LightCycler® Real-time PCR Systems from Roche (www.roche.com) are efficient platforms for genetic variation research. They feature the temperature homogeneity and the optical characteristics required for high-performance melting curve analysis. In addition, the plate-based LightCycler 480 System facilitates advanced applications at high resolution in the emerging field of amplicon scanning for new mutations.
Melting curve analysis is a well-established method for characterizing amplicons (e.g., for microbiological identification or for detecting mutations and SNPs). The goal of SNP studies is either the detection of different allelic variants of a given SNP or the identification of polymorphic positions at which previously unknown SNPs occur without determining the allele. Due to the modular design of the LightCycler 480 System, both approaches can be pursued. A broad range of detection chemistries and data analysis algorithms adds flexibility.
Homozygous and heterozygous samples can be differentiated easily using certain saturating DNA-binding dyes that do not interfere with amplification even at high concentrations and give sharp melting profiles (Figure 1). Once SNPs are known, their alleles are best analyzed by melting in the presence of sequence-specific labeled probes that bind with different affinities to different alleles, or allele combinations, in the SNP-containing region (Figure 2).
Melting curve raw data is generally represented by plotting fluorescence over temperature, with the data resolution and temperature range being higher with high-resolution dyes than with labeled probes (Figures 1a, 2a). To make analysis more convenient, the negative first derivatives
(-dF/dT) are often used, revealing melting temperatures at peaks (Figure 1b, 2b).

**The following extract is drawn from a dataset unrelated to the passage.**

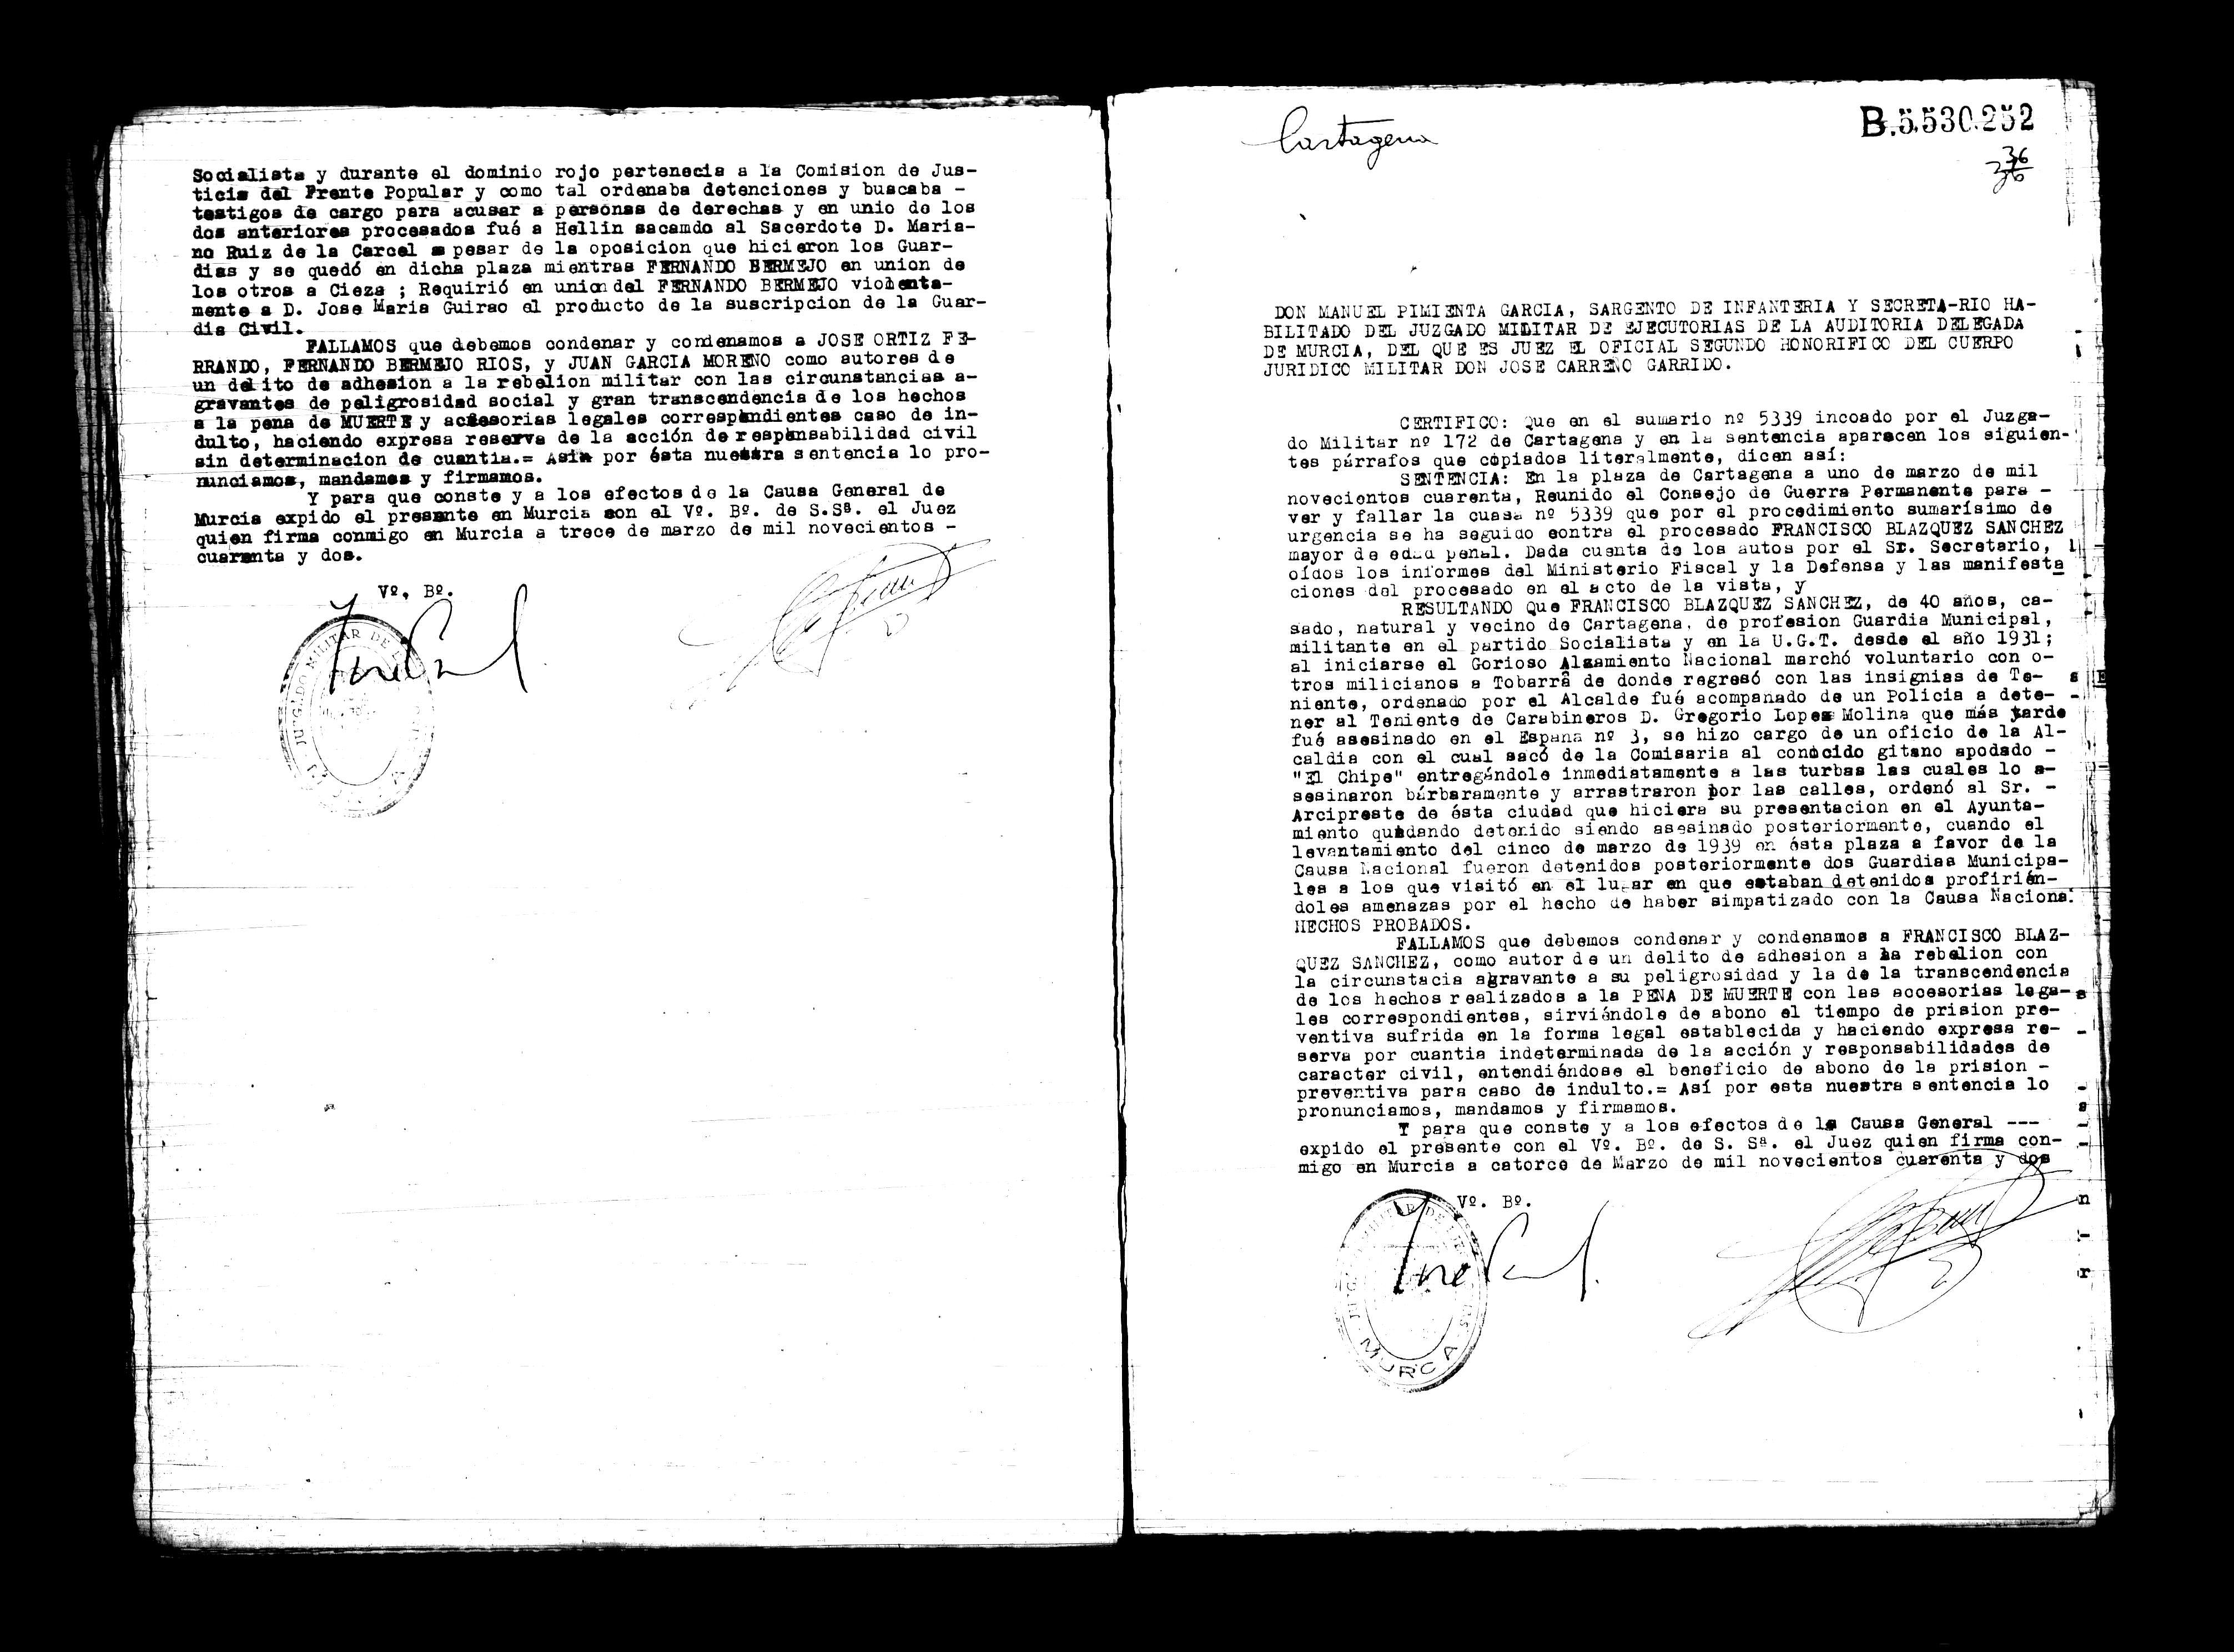 Certificado de la sentencia pronunciada contra Francisco Blázquez Sánchez, causa 5339, el 1 de marzo de 1940 en Cartagena.

Data derived from homozygous wild types, homozygous mutants, and heterozygous samples can differ regarding peak number, peak position, or a combination of both. With high-resolution dyes, differences between melting peaks are often detectable but not always large enough to enable clear differentiation of homozygotes (Figure 1b). Using sequence-specific probes allows for a more reliable separation (Figure 2b). The LightCycler 480 Genotyping Software uses the latter approach for identifying SNP alleles.